Many investors are intrigued by the explosive potential of cannabis stocks. With global cannabis sales set to hit $200 billion per year within the next decade, according to analysts at investment bank Stifel, it's easy to see why.
Plus, CBD sales in the U.S. alone could approach $24 billion by 2023, according to analysts at Brightfield Group, up from about $620 million in 2018.
This means that there is tremendous growth opportunity - if you know which horses to bet on.

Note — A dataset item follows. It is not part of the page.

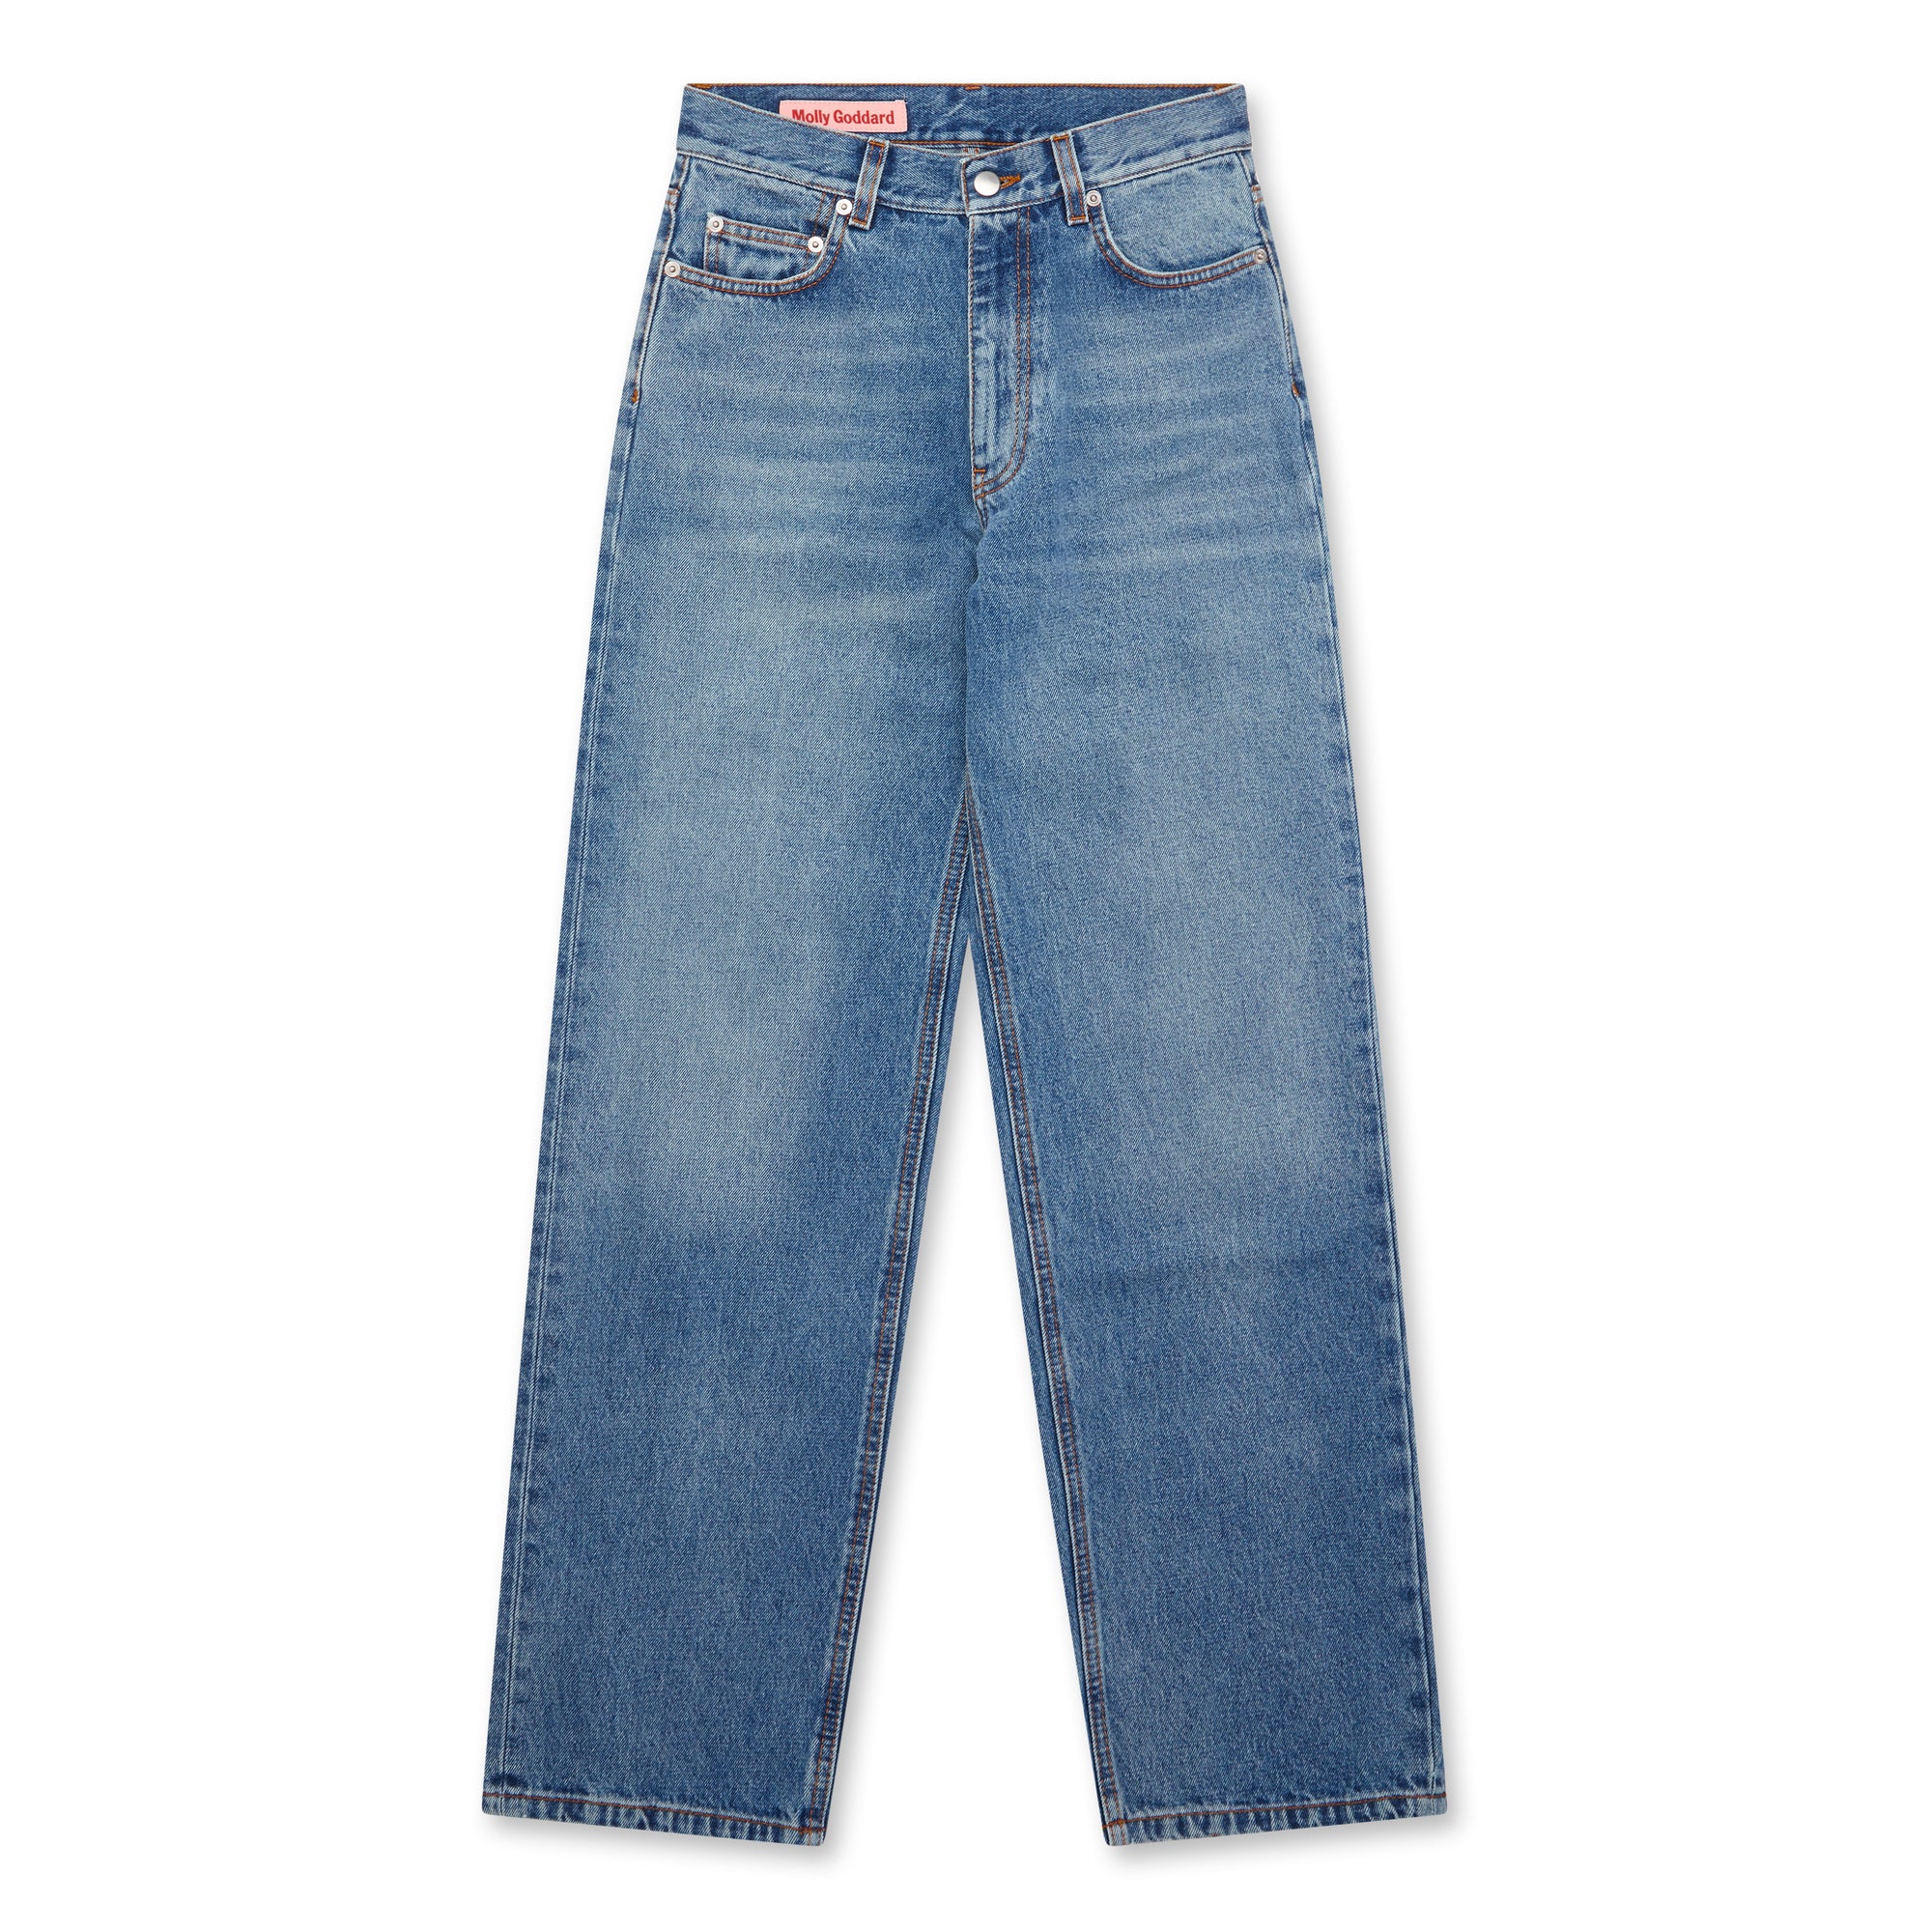 Molly Goddard - Women’s Lily Jeans - (Blue Wash) view 1
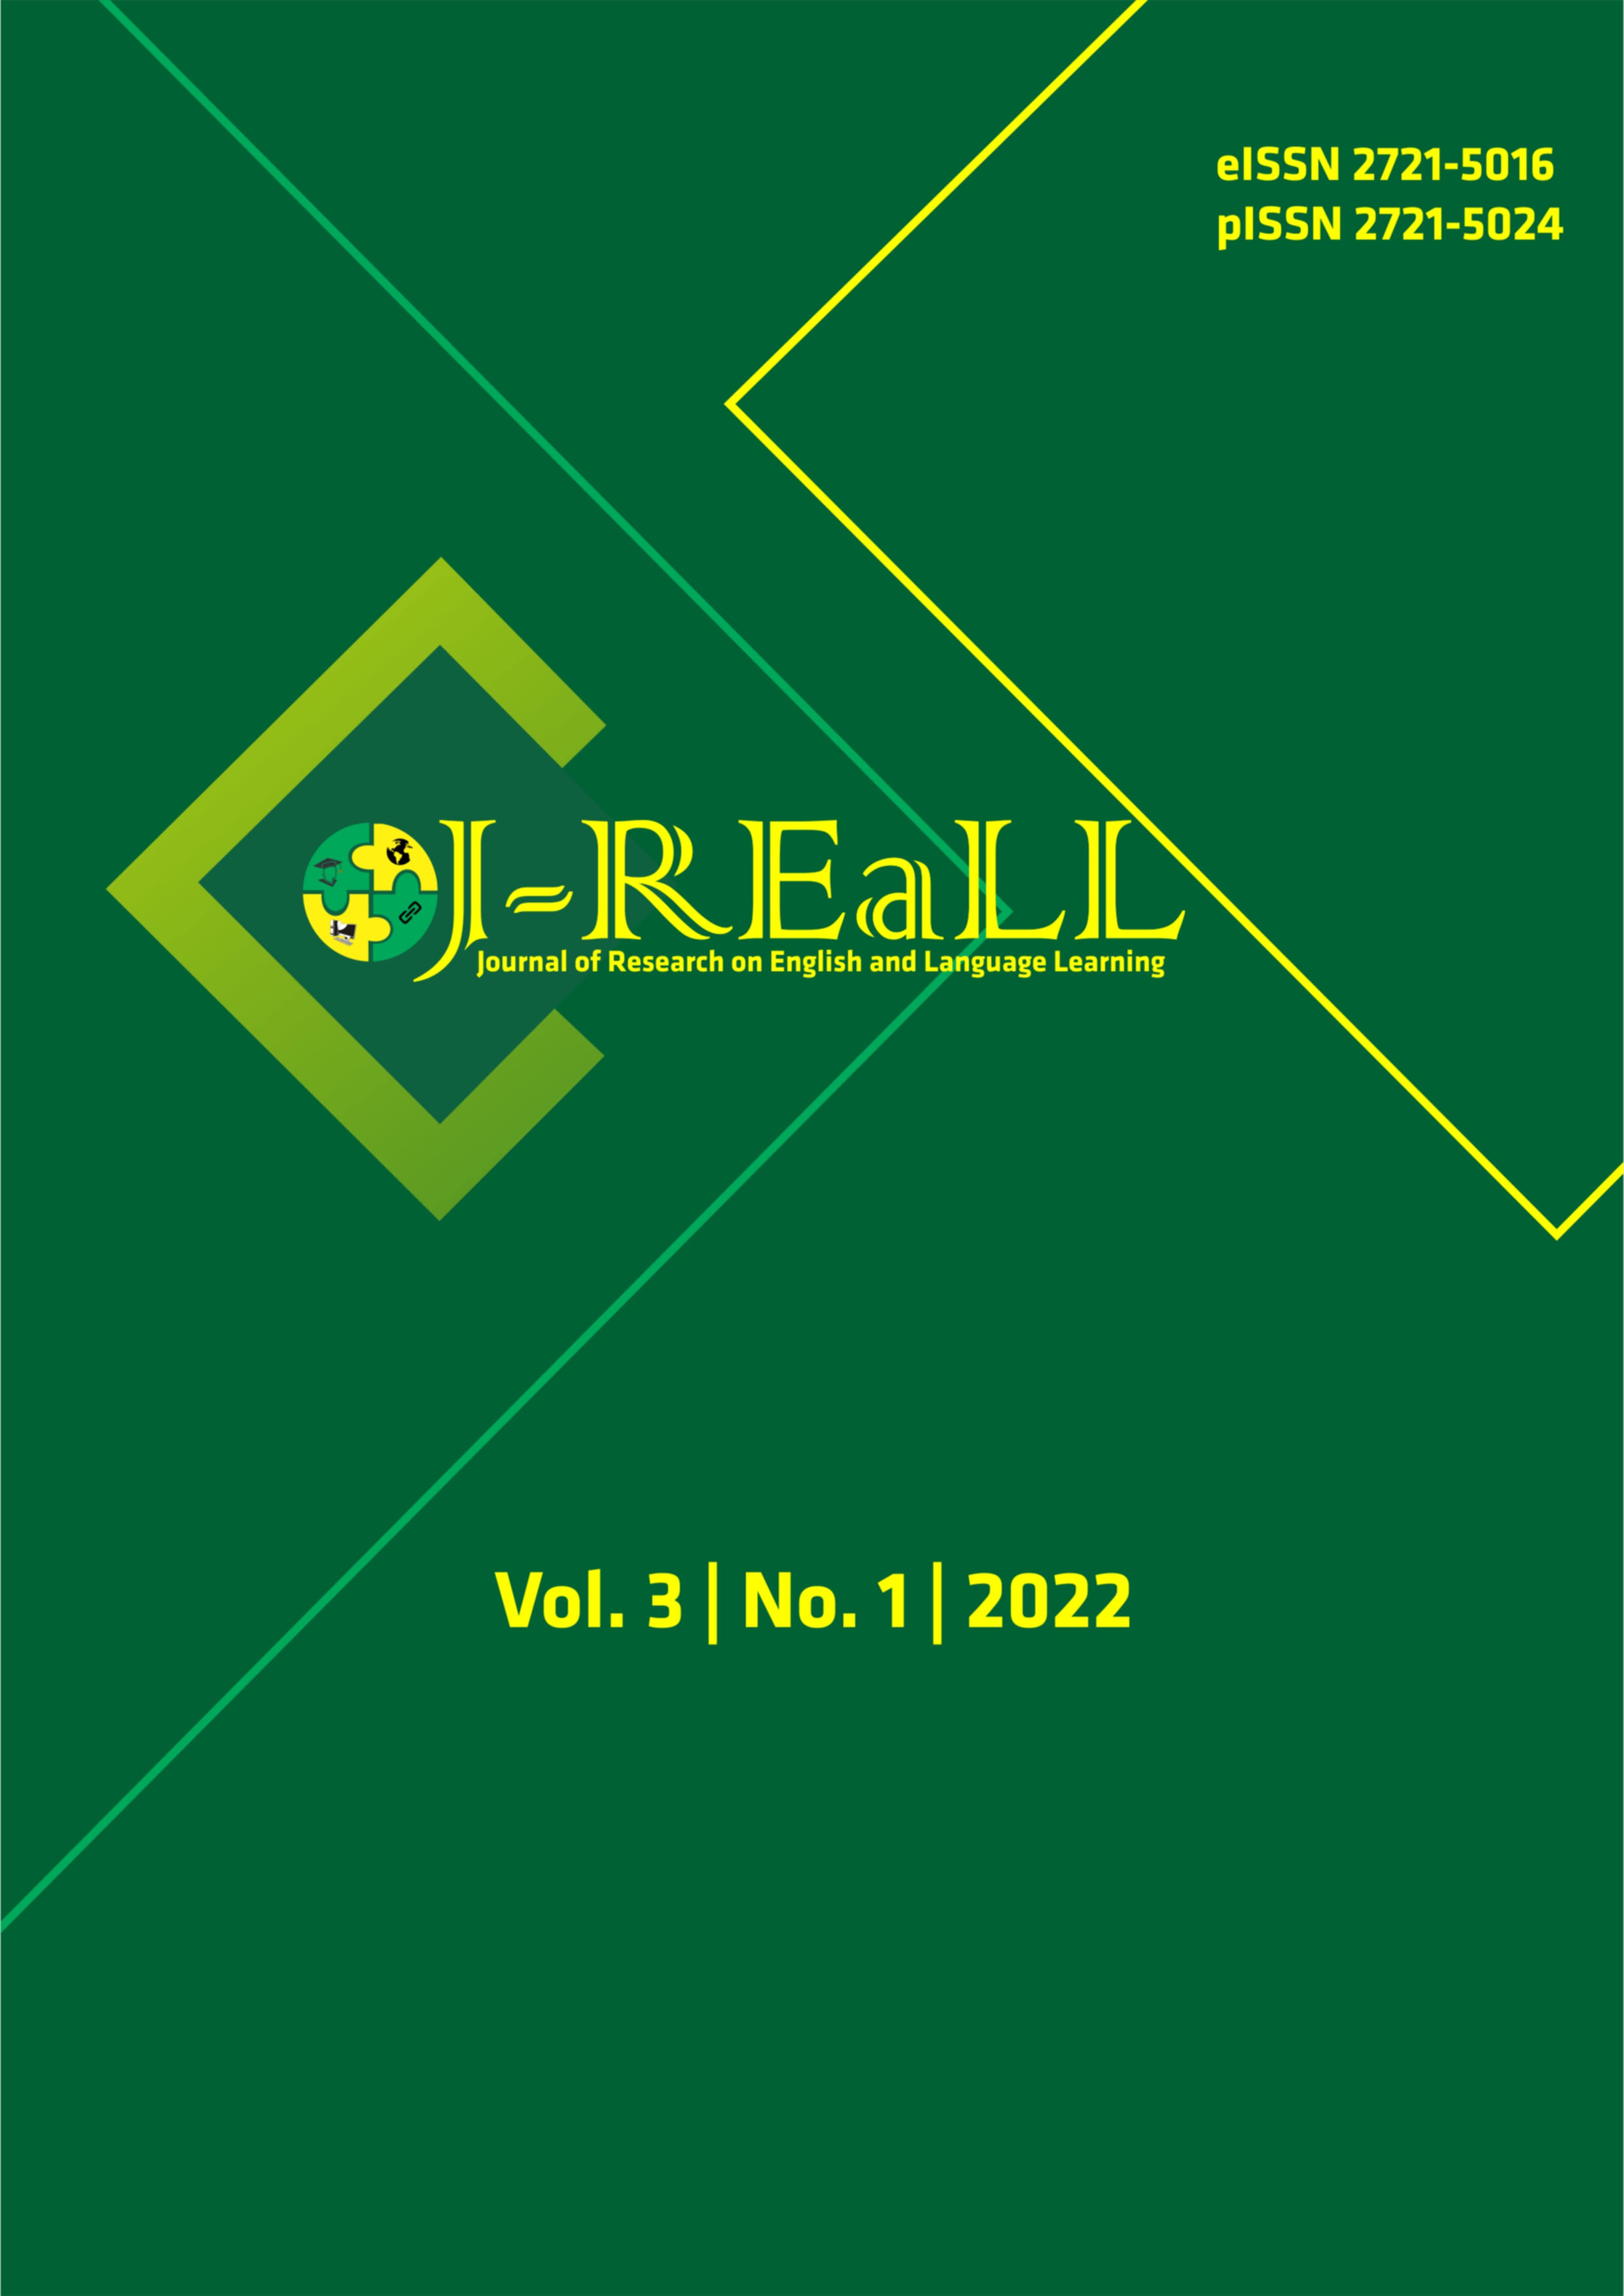 					View Vol. 3 No. 1 (2022): Journal of Research on English and Language Learning (J-REaLL)

Here is our list of the best cannabis and CBD stocks to buy right now:
Charlotte's Web Holdings
Charlotte's Web Holdings (OTC:CWBHF) owns the world's leading hemp-based CBD brand by market share. The company produces a variety of wellness products containing CBD, including oils, capsules, gummies, and topical creams.
Charlotte's Web's products can be found in more than 8,000 retail locations across the U.S., including some major chains such as CVS Health. Additionally, Charlotte's Web has a fast-growing e-commerce business, which accounted for more than half of its sales in 2018.
Charlotte's Web's sales received a powerful boost from the passage of the U.S. farm bill, which legalized hemp-based products at the federal level. The company is ramping up its hemp production and distribution network to meet the rising demand for CBD. It planted 862 total acres during the 2019 growing season, representing a 187% increase from 2018. It also recently struck a deal with Kroger, which will see the grocery giant roll out Charlotte's Web's CBD products to 1,350 stores in 22 states.
In all, the CBD leader's sales surged 74% to $69.5 million in 2018. Better still, analysts expect the company's revenue growth to accelerate to 83% in 2019 and nearly 150% in 2020.
Shares of Charlotte's Web Holdings (OTC:CWBHF) slipped 6.2% lower recently after falling as much as 13.7% earlier in the day. This marked the second consecutive day of large declines after the cannabidiol (CBD) leader reported its second-quarter results. The continued sell-off appears to be due, in large part, to investors' worries that Charlotte's Web's growth could be limited until the U.S. Food and Drug Administration (FDA) finalizes its regulations for CBD.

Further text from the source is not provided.